Son of Julius Josephson and Sarah Josephson
Husband of Hannah Josephson
Father of Eric Jonathan Josephson and Private
Brother of Moses Josephson; Essie Weinstein; Murray K Josephson and Harry Archibald Josephson

Managed by: Private User
Last Updated:

About Matthew Howard Josephson

From Wikipedia, the free encyclopedia

Matthew Josephson (February 15, 1899 – March 13, 1978) was an American journalist and author of works on nineteenth-century French literature and twentieth-century American economic history.
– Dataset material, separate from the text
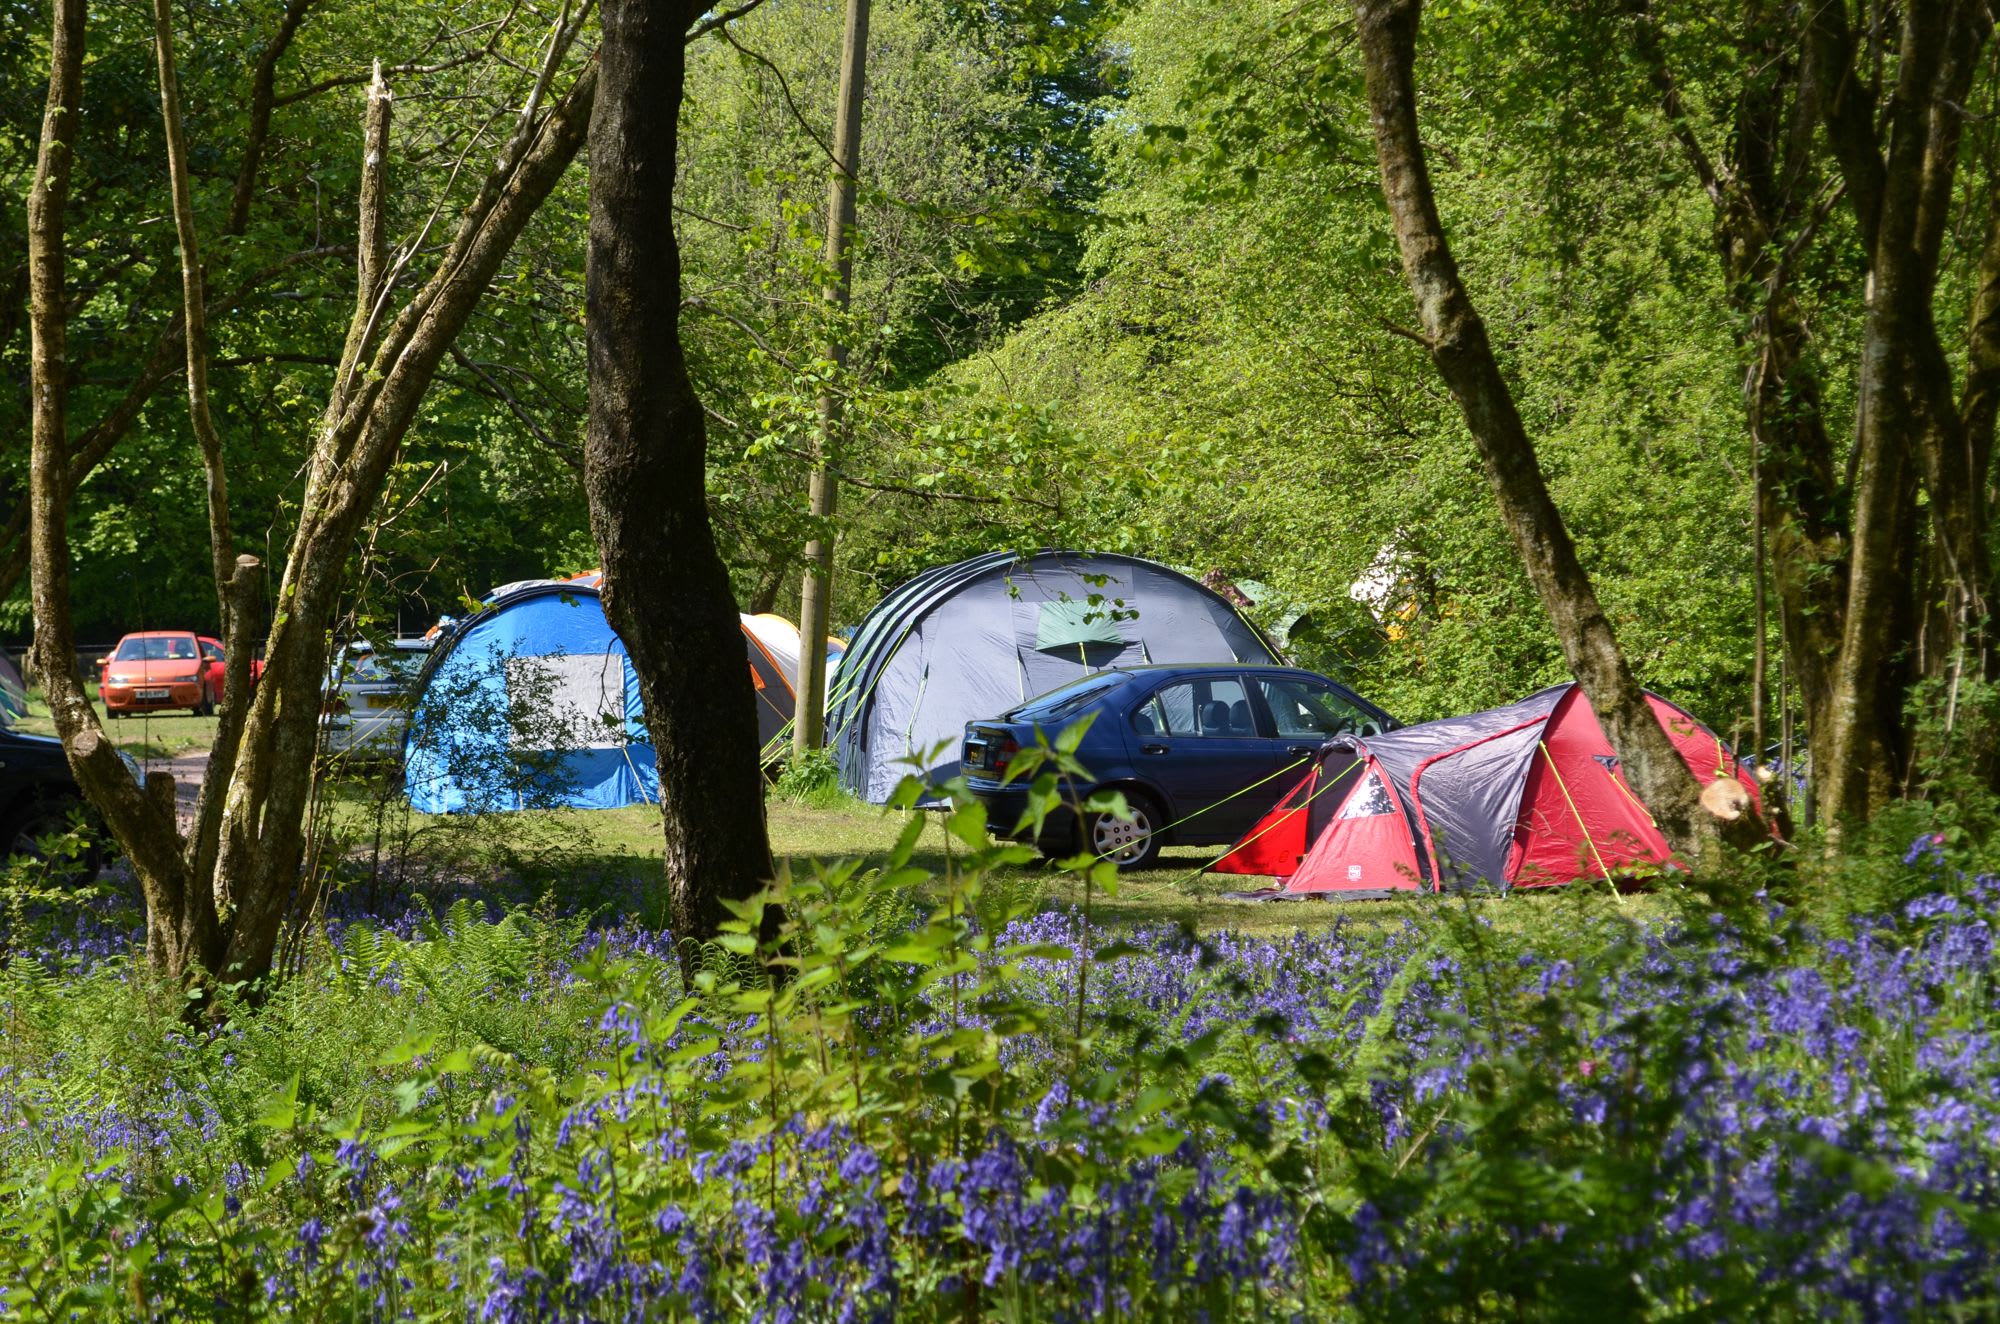 A beautiful countryside spot in Devon with a range of pitches, from grassy open spaces to off-grid woodland clearings, topped off by two well-stocked fishing lakes.

Josephson is also credited with popularizing the term "robber baron" in one of his books.

He was born in Brooklyn, New York on February 15, 1899 to Jewish immigrant parents Julius and Sarah (née Kasindorf) Josephson. His father was from Iasi, Romania and his mother from Rostov-na-Donu, Russia. Julius Josephson was a printer who became a bank president before his death in 1925. He graduated from Columbia University and married Hannah Geffen in 1920. They lived in Europe in the 1920s. Hannah Josephson, librarian of the American Academy of Arts and Letters and an author in her own right, worked closely with her husband on various projects throughout their careers. In 1945 she and Malcolm Cowley edited Aragon, Poet of the Resistance. Matthew and Hannah Josephson collaborated on Al Smith: Hero of the Cities in 1969. They had two sons, Eric and Carl.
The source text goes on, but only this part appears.